Purpose of the project

Introduction

For data analysts, the output of a project is typically a report of the derived results of the dataset, be it an algorithm, the summary of a regression model and the significance of variables or some other sort of requested insight.

In order to simplify the writing of such reports, various tools have been invented, the most well known ones being RMarkdown in R and Jupyter that is mostly used with Python (but supports many other languages as well).

These tools are incarnations of a Literate Programming, that had its beginnings with tools such as noweb and aims to mix regular text with code in an article, but of course that have been developed much further since then to extend to interactively editing and running code such as in Jupyter, processing entire books (see e.g. bookdown or also inverting the text and code-blocks such that the regular text becomes comments inside a script in e.g. R or Python (see jupytext).

As this package is only for Python, I will focus in the following on aspects of these tools for this language, but some comments are certainly also valid for other frameworks.

Jupyter is for sure the most used framework for this purpose with a very large set of tools and users. Since its invention, it has certainly changed how datascience is being done in many organizations. Some of its most noteworthy advantages are: - Deployment through the browser without the need of direct access to hardware. Due to this it is also simpler to have users work with on-demand resources - A good console with outputs of tables and figures that make rapid development easy - Tools such as turning jupyter notebooks into websites - Jupyterlab, which is (almost) a full Python IDE

Next to these positive sides are however also a few shortcomings.

Shortcomings of Jupyter

One of the side-effects of structure of Jupyter-notebooks is their linear form where code and output blocks are mixed, which can cause notebooks to become very large and particular places can be hard to find.
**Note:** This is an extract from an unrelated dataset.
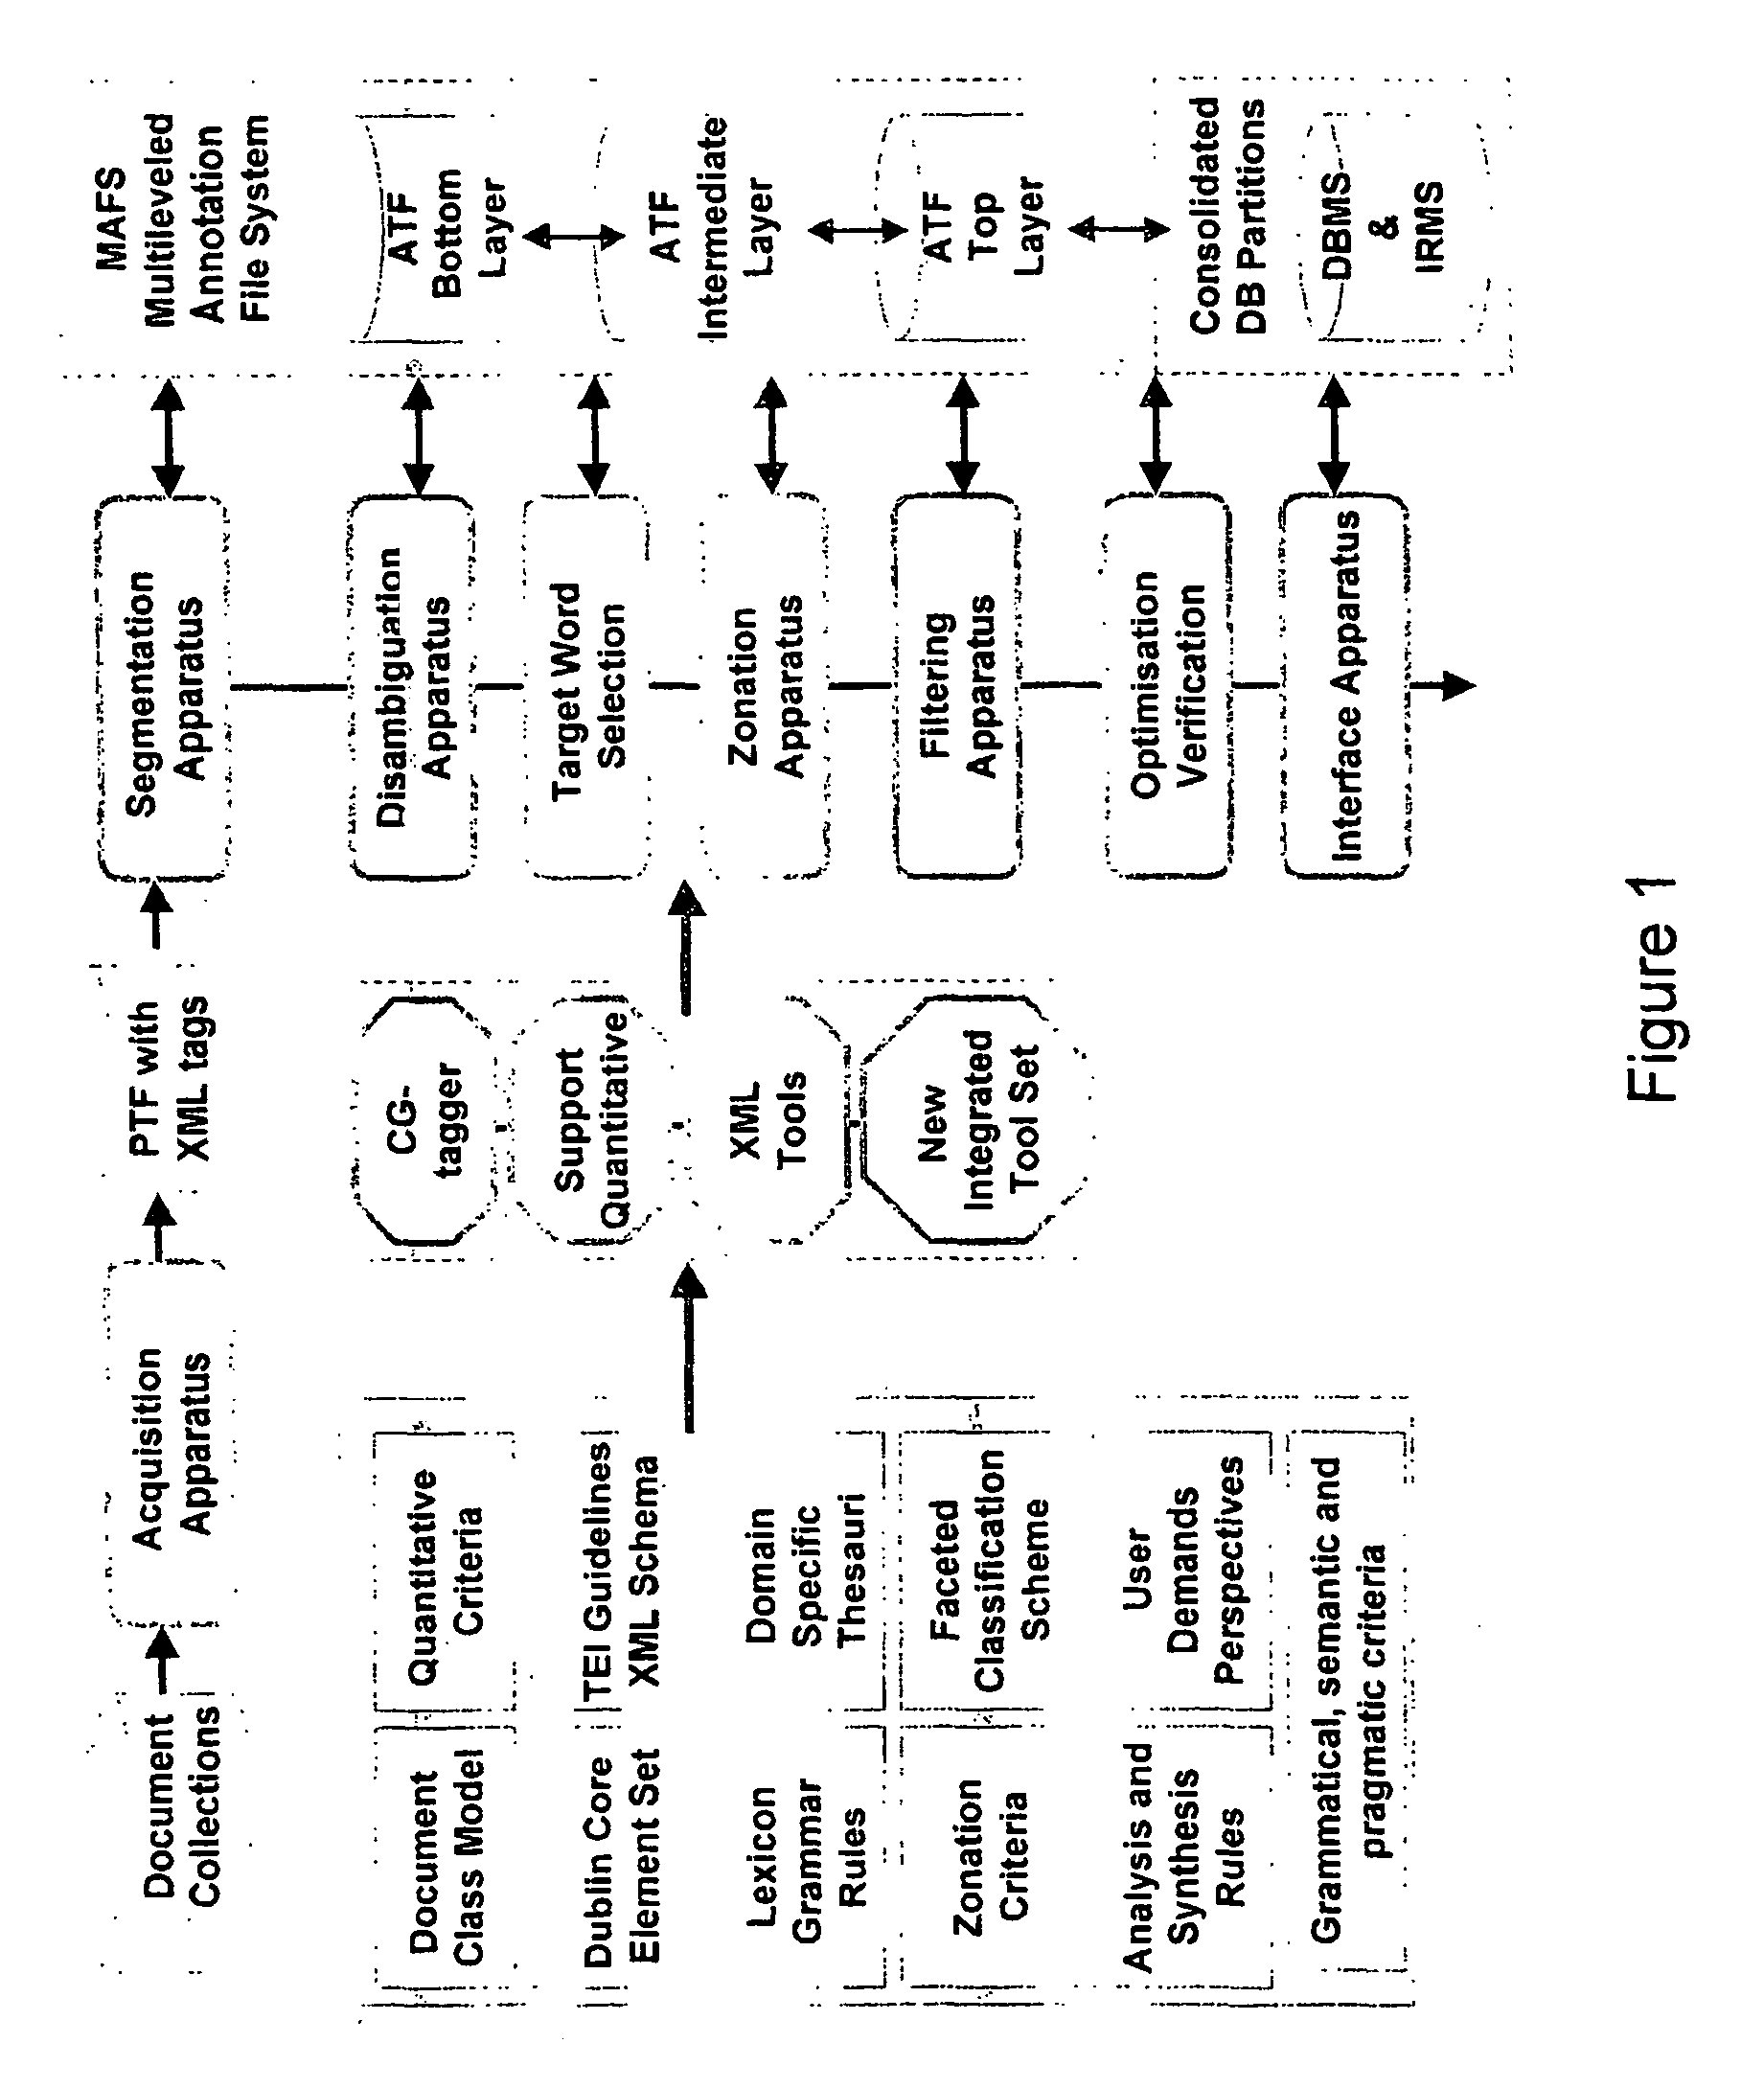 Method and apparatus for textual exploration discovery

Code sharing between notebooks is also not easily possible, requiring to write libraries outside the notebook to fulfill this purpose, mixing very different styles of coding.

Also related to their design of one notebook, one html page, parametrization of notebooks can be cumbersome and is certainly not as simple and straightforward as a function.

This package

This package was developed to give an alternative to Jupyter providing more sophisticated ways to create reports while retaining (some) of the interactivity of the browser. All this will be done in pure python without any specially formatted file or overloading of the meaning of any comments.

It will further retain the ability to include live code-blocks from the scripts in the output, but less intrusively than for Jupyter notebooks.

In particular, it is intended to work by providing functions to easily write out markdown pages that are part of an mkdocs site. For this convenience functions for Figures and Tables as well as other objects are available.

For viewing these results, mkdocs is used that contains a development server that automatically watches input files and updates the browser on any change. This update process is typically very fast.

Last, a plugin for the ipython console is provided that writes any appropriate output in the console to a special markdown page that can then also be viewed using mkdocs. This way, it is easy to visualize figues and tables from the ipython console, where tables in the browser are sortable or can even be filtered, thus providing better functionality than default Jupyter tables in an output cell.